Потом он проснулся, сердце его бешено колотилось.
На часах было три пятнадцать. Сквозь шум дождя он услышал рёв автомобильных моторов. Снег уже наверняка сошёл.
А затем он услышал музыку.
Рояль.
Брамс.
Он отбросил одеяла и ринулся, в чём был, в промёрзлую комнату. Музыка смолкла. Это была мелодия, которую она играла в тот летний вечер, прежде чем уйти на прогулку к Норт-Ривер и больше не вернуться.
Он снова задремал в тихой спальне, ему снилась Молли с её блестящими чёрными волосами и кривой усмешкой. Молли в парке Бэттери, октябрь, она смотрит на гавань и отблески огоньков в волнах. Молли в театре Тони Пастора в Риалто, на Четырнадцатой улице, смеётся над комиками и фокусниками, а потом, по дороге домой, мурлычет меланхолические баллады. Всё это сентиментальная чепуха, говорит она, но в голову они западают… Молли, объявляющая, что она беременна, в первый раз, лицо изменилось, стало сияющим, светлым, а потом эти горькие слёзы, когда ребёнок родился преждевременно и не выжил. Он видел, что у них мог бы быть мальчик, но не рассказывал ей об этом больше года. Он увидел её рядом с собой на улицах Вены, в весёлом расположении духа, пробирающимися вместе через вечернюю толпу к Опере; увидел идущей с ним по Центральному парку к музею Метрополитен, где она впивалась глазами в Вермеера и говорила, что ей слышится музыка Голландца. Вот она сидит с ним на трибуне Поло-Граундс, наслаждаясь его счастьем, несмотря на то что игра ей не нравилась и она понятия не имела о легендарном Джоне МакГроу. Несколько летних воскресений они провели вместе на Кони-Айленде. Туда ходил паром из Нью-Джерси, и прохладные солёные брызги накрывали и их, и небоскрёбы Даунтауна. Они ездили по линиям подземки до конечных станций. Проезжали эстакадной электричкой по Третьей и Девятой авеню, выходя на одних и тех же станциях, её глаза замечали всё – от тёмных тоннелей подземки до съёмных комнат, где человеческие существа проживали под непрерывный грохот поездов, а затем она пыталась положить всё увиденное на музыку. «Я хочу воплотить всё это в музыку, – говорила она. – Американскую музыку. Нет: музыку Нью-Йорка. Полную автомобильных гудков, а не мычания скота; гангстеров, а не ковбоев; бедных женщин, торгующих собой на углах; воров, запертых в камерах. Всё это…» Он услышал, как она отстаивает идеи социализма. Как она говорит, что не бывает демократии там, где женщины всё ещё лишены права голоса спустя 120 лет после Революции. Он услышал, как она говорит о Берлиозе и Шёнберге и о том, как её инструктор в Вене всерьёз утверждал, что прошлое навеки умерло. Он услышал, как она, сидя вместе с ним у пустыря на Норт-Ривер, говорит ему, что снова беременна, и он обнял её от счастья, и расцеловал её заплаканное лицо, и запел песню.

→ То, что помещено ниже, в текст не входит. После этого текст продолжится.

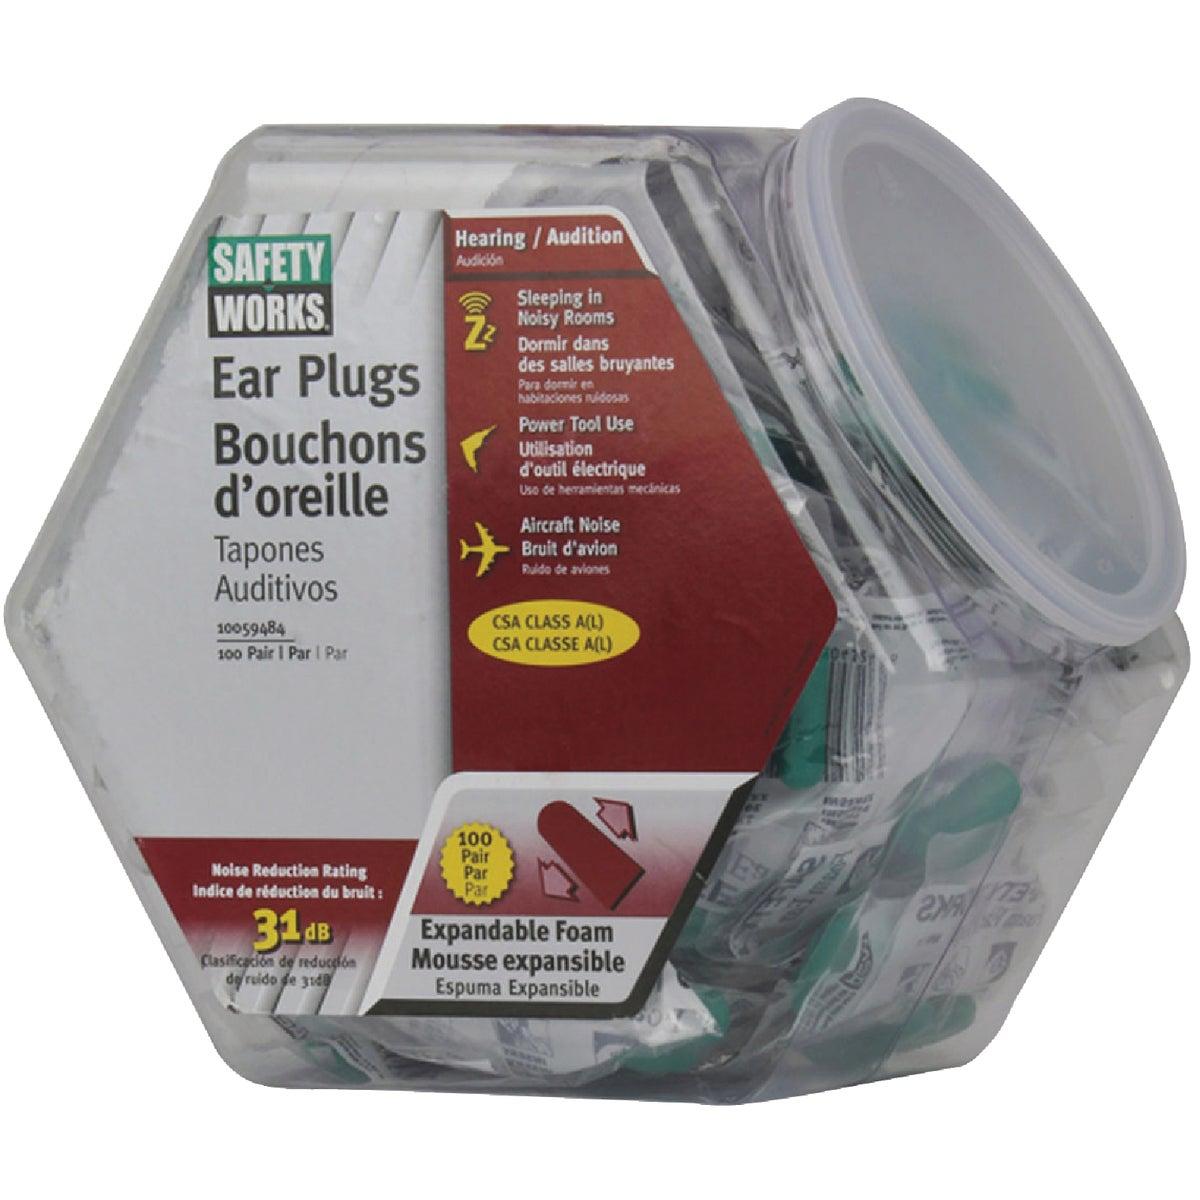 MSA Safety/InCom 100PR FOAM EARPLUGS 10059484

Молли, дорогая, слышала ль ты,
Что за новость случилась у нас?
Он услышал, как она смеётся над глупыми словами.
Молли, о моя Молли,
Зазноба милая моя,
Заходят шарики за ролики,
Когда, о Молли, моя Молли,
Когда с тобою рядом я.
И подумал: не верю в привидений. Но точно знаю, что они существуют, поскольку живу с одним из них.
Он проснулся почти в семь и открытыми руками побоксировал минут пять в промёрзшей комнате. Удар, хук слева, удар правой. Удар, удар, правой. Хук, хук, двойной, шаг назад, правой. Удар, уход, хук. Так его тренировали давным-давно в спортзале Пэки Ханратти, что над салуном на Девятой авеню. Только теперь правая рука уже не била, она уже никогда не сможет наносить удары, просто рассекает воздух, а не разрывает пространство. Этой рукой он когда-то мог и рисовать, и бить. Давным-давно. Но ему всё ещё был слышен рёв прокуренных залов Бруклина и Восточного Гарлема в те годы, когда каждый ирландский паренёк мечтал стать боксёром, даже те, кто хотели в доктора. Девизом Пэки было «Прежде всего – приноси вред». И он приносил.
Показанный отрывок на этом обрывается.